In April, Channel 4 in Britain ran the documentary What British Muslims Really Think. The program was based on a face-to-face survey conducted by ICM Limited. Trevor Phillips, who was born in London but grew up in Guyana, was asked to interpret the findings. He wrote up his analysis in Britain’s The Sunday Times on April 10.
Phillips reported some good news. About 80 per cent of Muslims say they are happy to live in Britain and feel British. One of the main attractions is that British Muslims — Sunni, Shia and more besides — are free to practise their religion as they see fit, unlike many Muslims who live in the Middle East, Africa or Asia, where they face persecution from other Muslims.
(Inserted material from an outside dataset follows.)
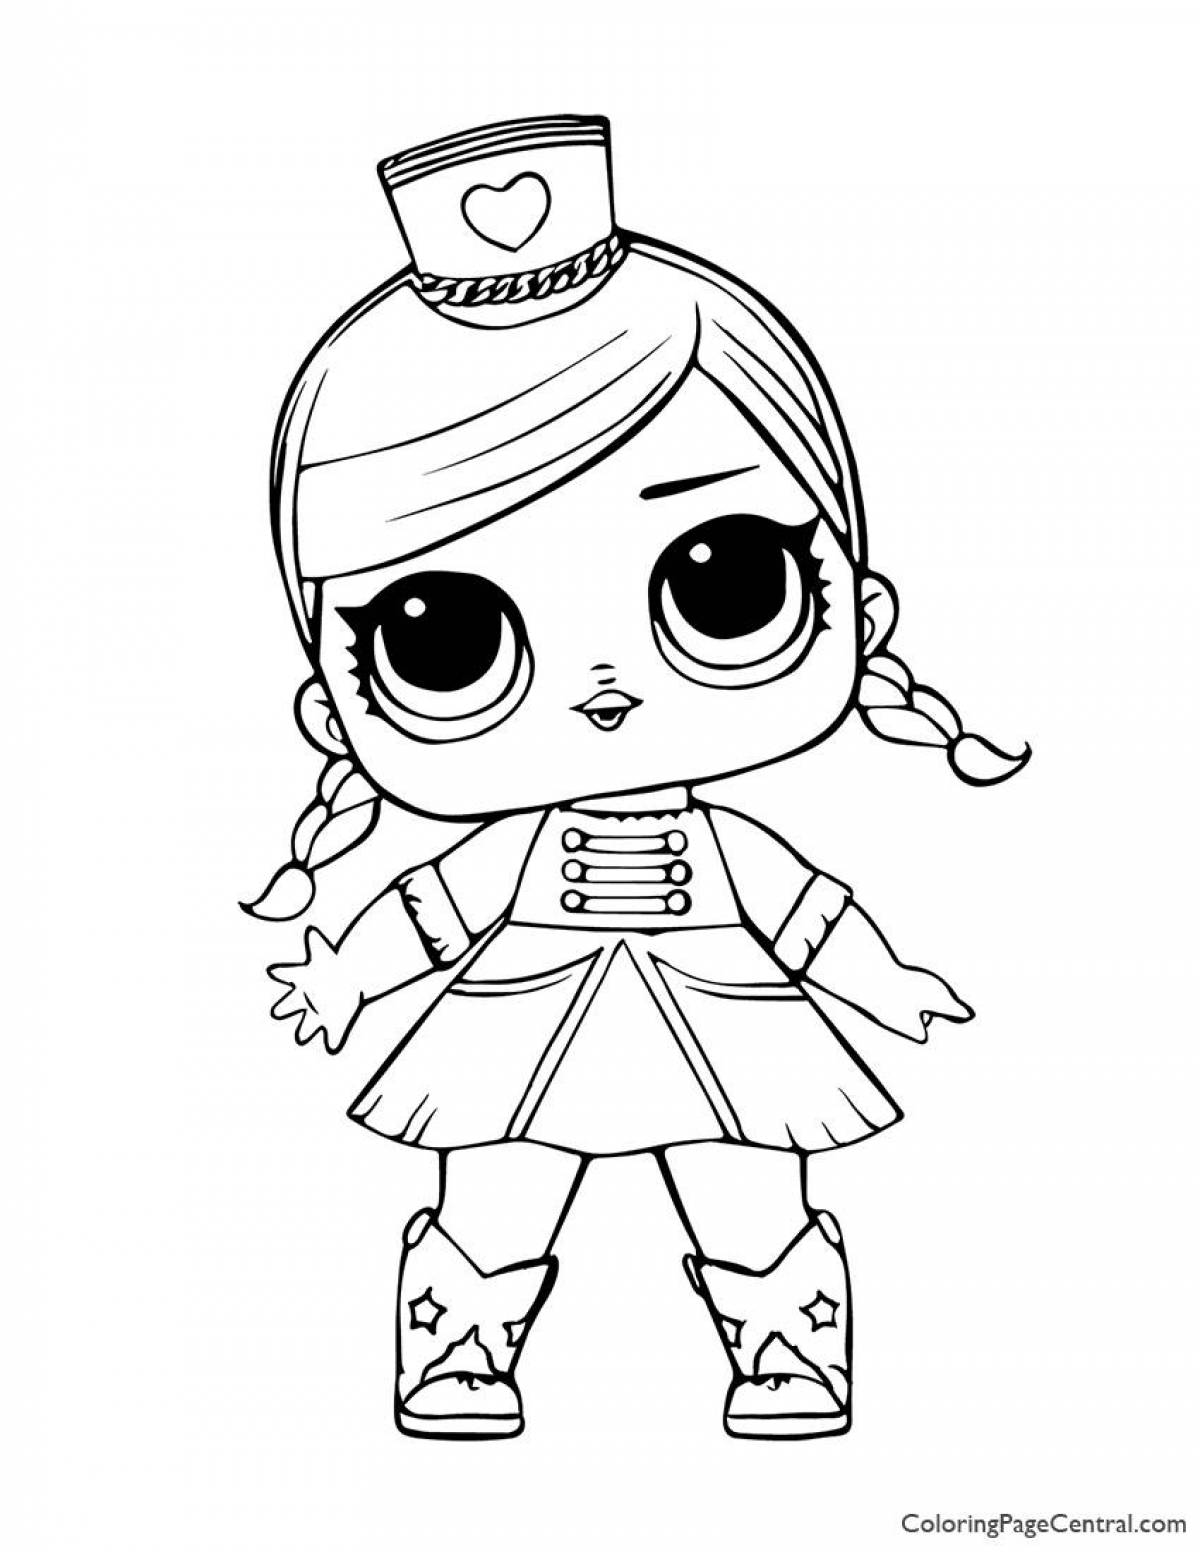 Fancy coloring christmas doll lol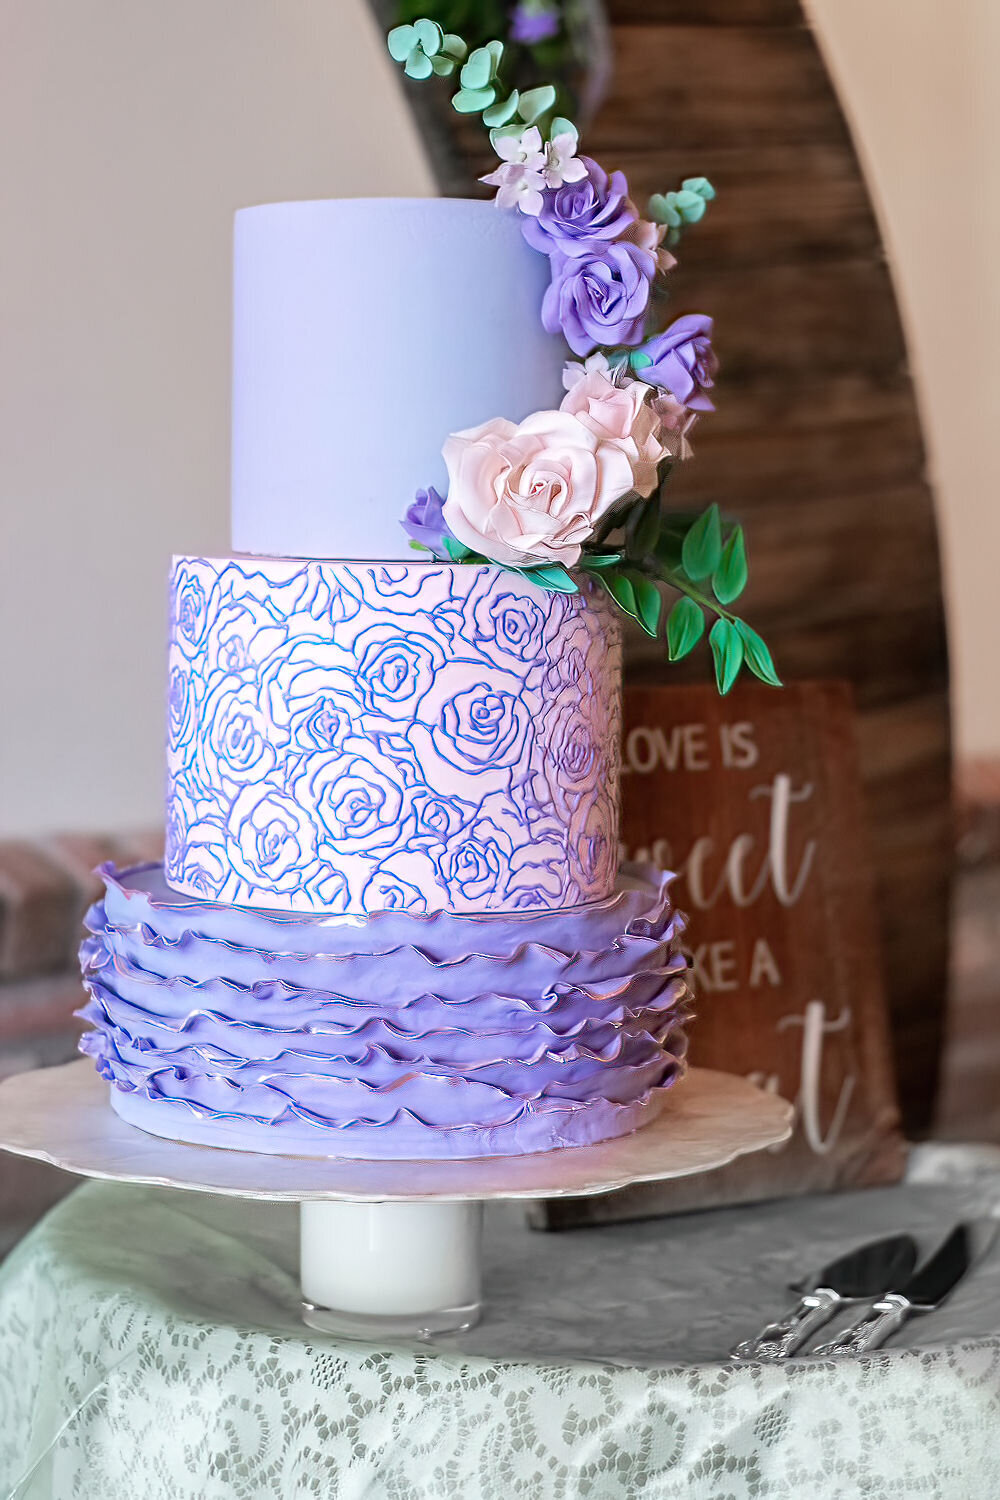 Lavender and pink 3 tier wedding cake. Bottom tier has lavender ruffles edged in pink; middle tier is pink with lavender rose stencil; top tier is lavender with cascading pink and lavender roses,  ruscus and eucalyptus leaves

However, Phillips, a former chairman of the British Equality and Human Rights Commission, whose 1996 Runnymede report introduced the term Islamophobia into modern British parlance, has also warned of Muslims becoming “a nation within a nation” in Britain.
The ICM survey revealed what Phillips has interpreted as a “deeply ingrained sexism that runs through Britain’s Muslim communities”. Forty per cent of Muslims, men and women, believe a wife should always obey her husband and 33 per cent advocate the existence of polygamy under sharia law. More than 50 per cent of the British Muslims believe homosexuality should be illegal. And only 66 per cent unequivocally condemn stoning for adulterers.
Certainly, liberal Muslims in Britain and elsewhere do not hold such views. But as Yasmin Alibhai-Brown told Phillips, “we (liberal) Muslims are a dying breed”. Many British Muslims simply do not like the secular, libertarian society that is contemporary Britain, although they are happy to live there.
Nearly all of the Muslims living in the West, or their parents or grandparents, are immigrants who chose to live in Western societies.
Yet there is a reluctance among a significant section to accept the mores of the West while a very small minority regard themselves at war with their adopted nation and are intent on establishing a caliphate in its place. The Islamist murderers want to overturn Belloc’s belief and bring about a situation, by force, where the faith of Europe is radical Islam. It is not a manifestation of Islamophobia to discuss such matters.